Screeding machines of the aforementioned type function inherently well, but as
the
material in the screeding disks used to machine the floor surfaces is
progressively
developed, thereby enabling it to remove more floor material per unit time
than
before, there is a desire for more available power for machining of the floor
material.
SUMMARY OF THE INVENTION
The object of the present invention is to produce an arrangement in a
screeding
machine of the type referred to in the introductory part, which has an
improved
removal capability compared to known screeding machines.

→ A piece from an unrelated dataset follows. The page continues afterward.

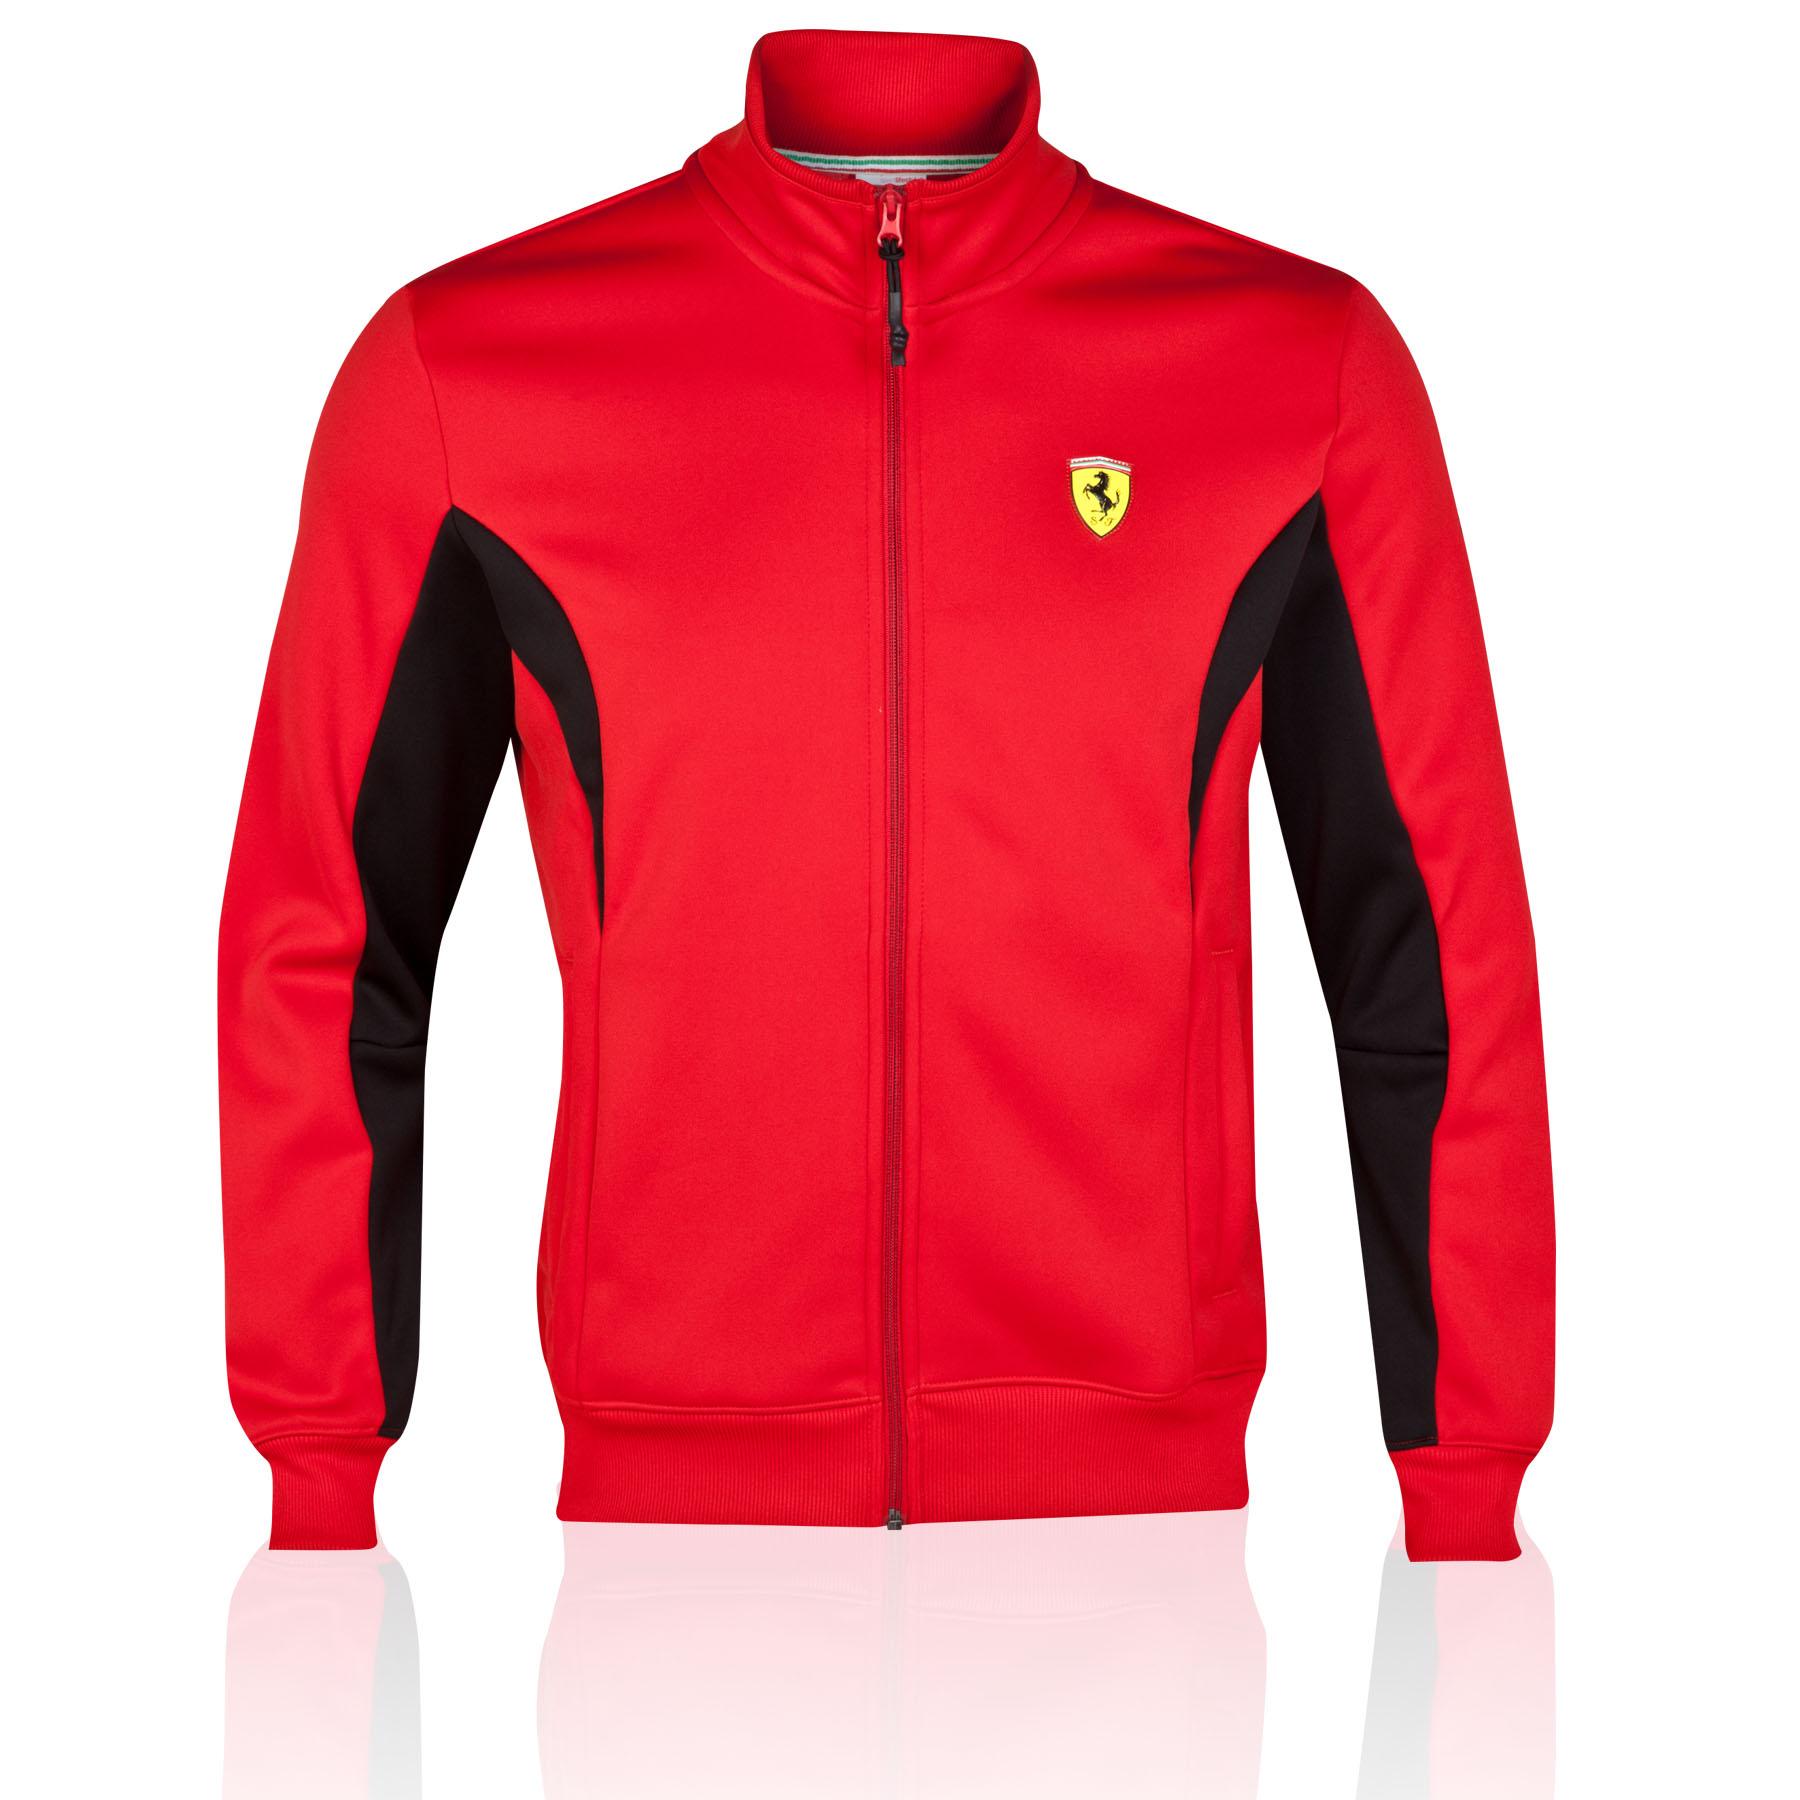 Scuderia Ferrari Softshell Jacket - Red
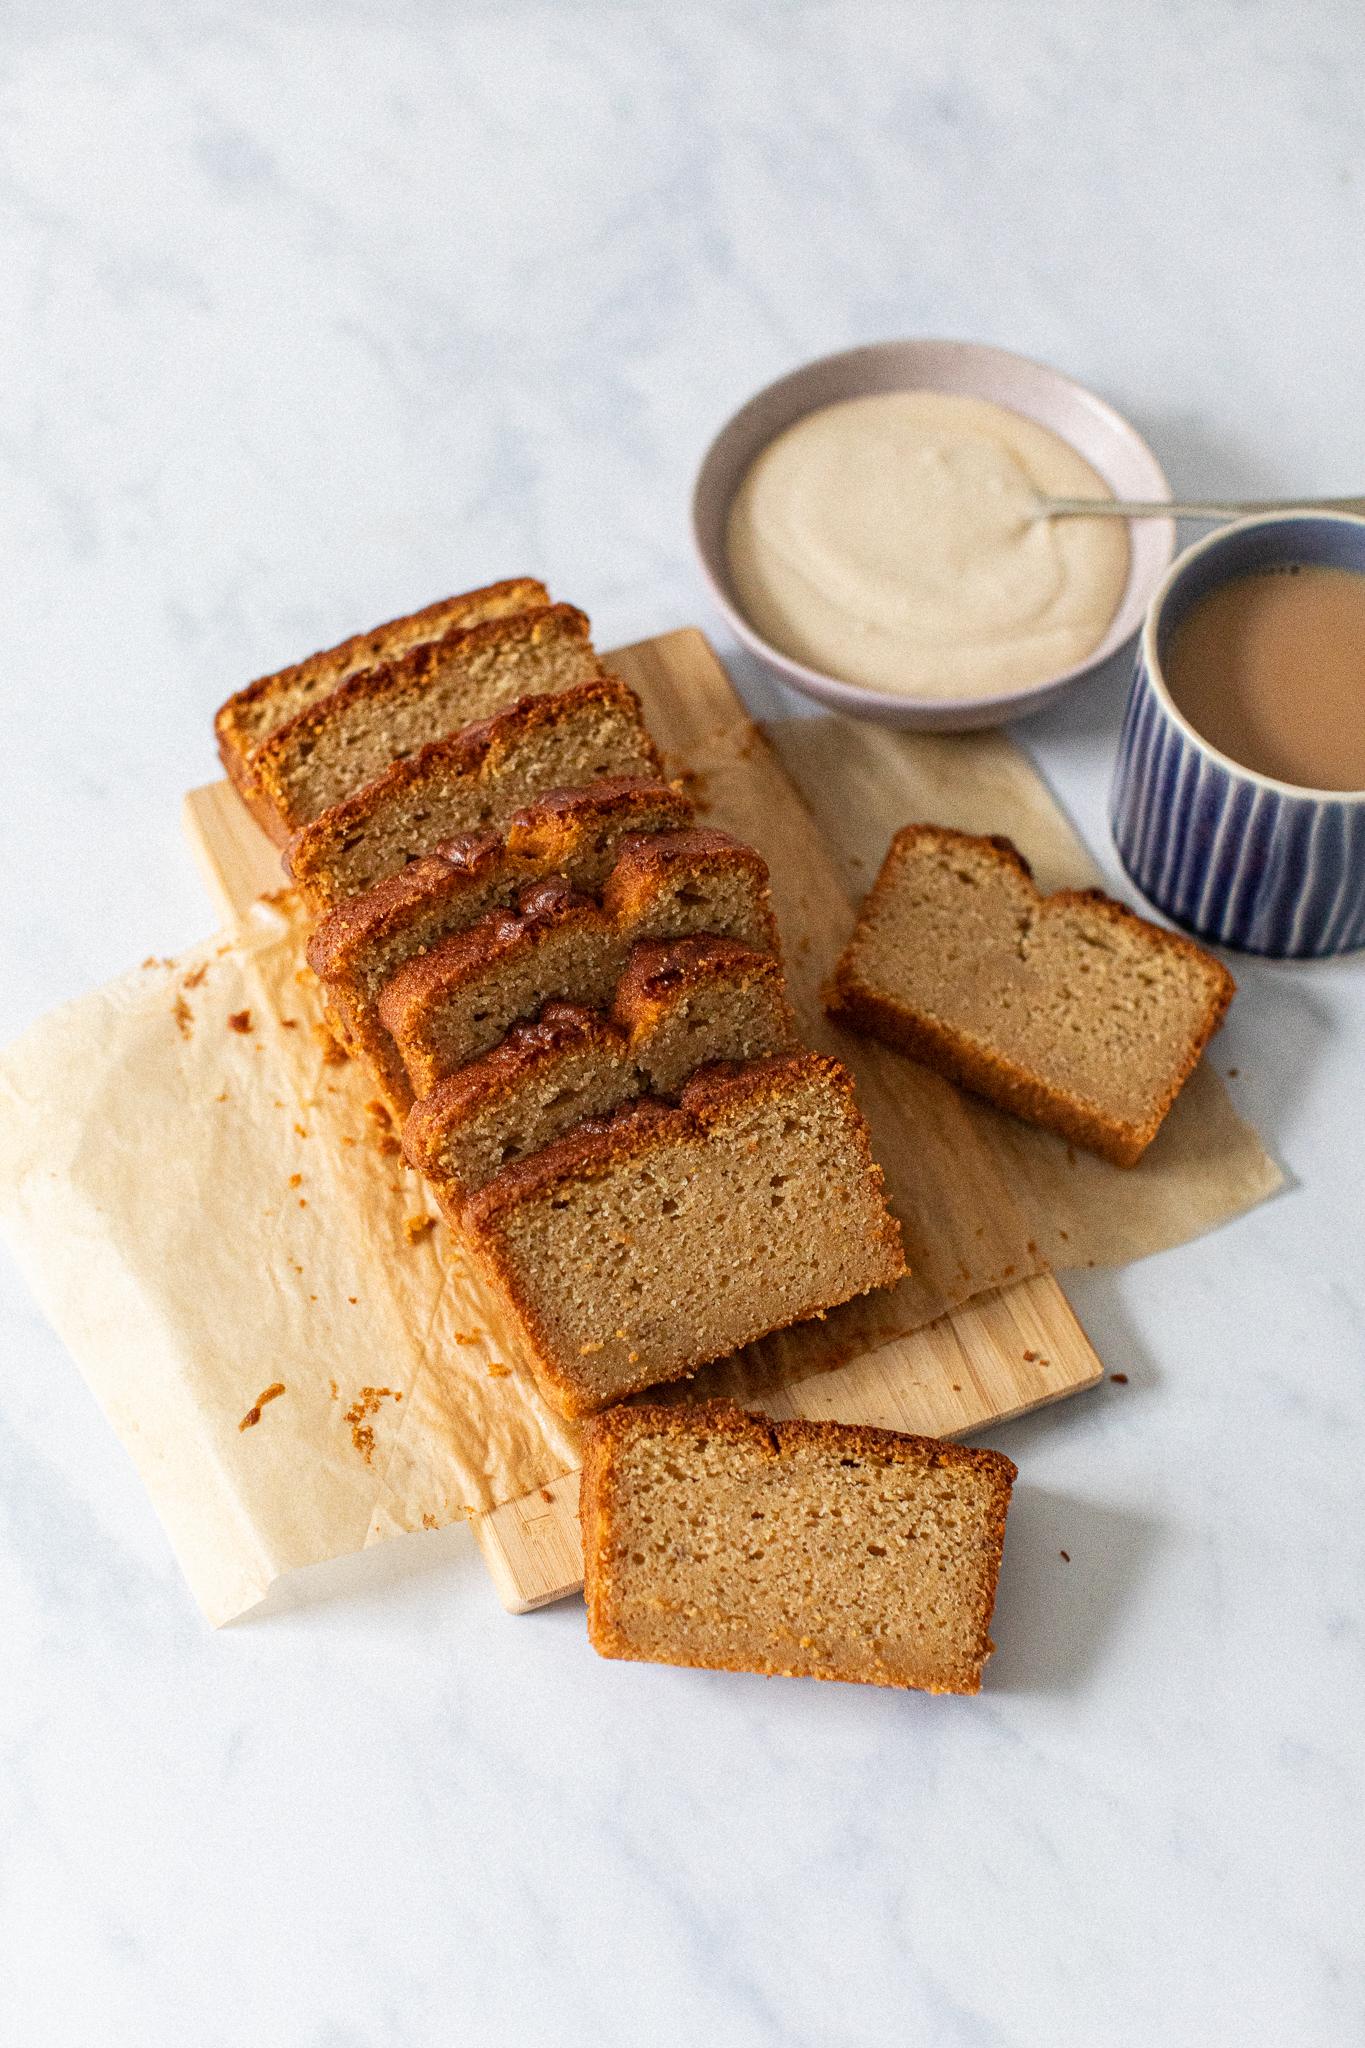 Sliced low FODMAP gluten free coffee and cardamom loaf cake

According to the present invention, there is provided an arrangement in a
mobile
machine for screeding floor surfaces comprising:
a housing with a planet disk rotatably supported in the bottom of the
housing and driven by a drive motor, and which carries an even number
of up to six but not less than four screeding disks, operatively
connected to the drive motor and defining one screeding plane,
wherein the operative connection comprises:
belt sheaves, wherein a belt sheave is associated with each of the
screeding disks,
deflection sheaves arranged between the belt sheaves,
a first belt arranged such that the first belt bears against a part of the
circumferences of the belt sheaves and against a part of the
circumferences of the deflection sheaves, wherein the first belt
alternates from belt sheave to belt sheave and lies alternately
closest to the center of the planet disk and furthest away from the
1
CA 02435806 2009-02-24
center of the planet disk and wherein the first belt lies furthest from
the center when bearing against the deflection sheaves, and
a second belt running between a belt sheave arranged on the shaft of
the motor and one of the belt sheaves belonging to the screeding
disks.
According to another aspect of the present invention, there is provided an
arrangement in a mobile machine for screeding floor surfaces comprising:
a housing with a planet disk rotatably supported in the bottom of the
housing and driven by a drive motor, and which carries an even number
of up to six but not less than four screeding disks, operatively
connected to the drive motor and defining one screeding plane,
wherein the operative connection comprises:
belt sheaves, wherein a belt sheave is associated with each of the
screeding disks,
deflection sheaves arranged between the belt sheaves,
a first belt arranged such that the first belt bears against a part of the
circumferences of the belt sheaves and against a part of the
circumferences of the deflection sheaves, wherein the first belt
alternates from belt sheave to belt sheave and lies alternately
closest to the center of the planet disk and furthest away from the
center of the planet disk and wherein the first belt lies furthest from
the center when bearing against the deflection sheaves, and
a second belt running between a belt sheave arranged on the shaft of
the motor and one of the belt sheaves belonging to the screeding
disks,
wherein the screeding disks that have a direction of rotation opposed to
the planet disk have a rotational speed, which is so much greater
than the rotational speed of the screeding disks that have the same
direction of rotation as the planet disk, and that at the periphery of
the planet disk all screeding disks have approximately the same
peripheral speed in relation to the surface that is to be screeded.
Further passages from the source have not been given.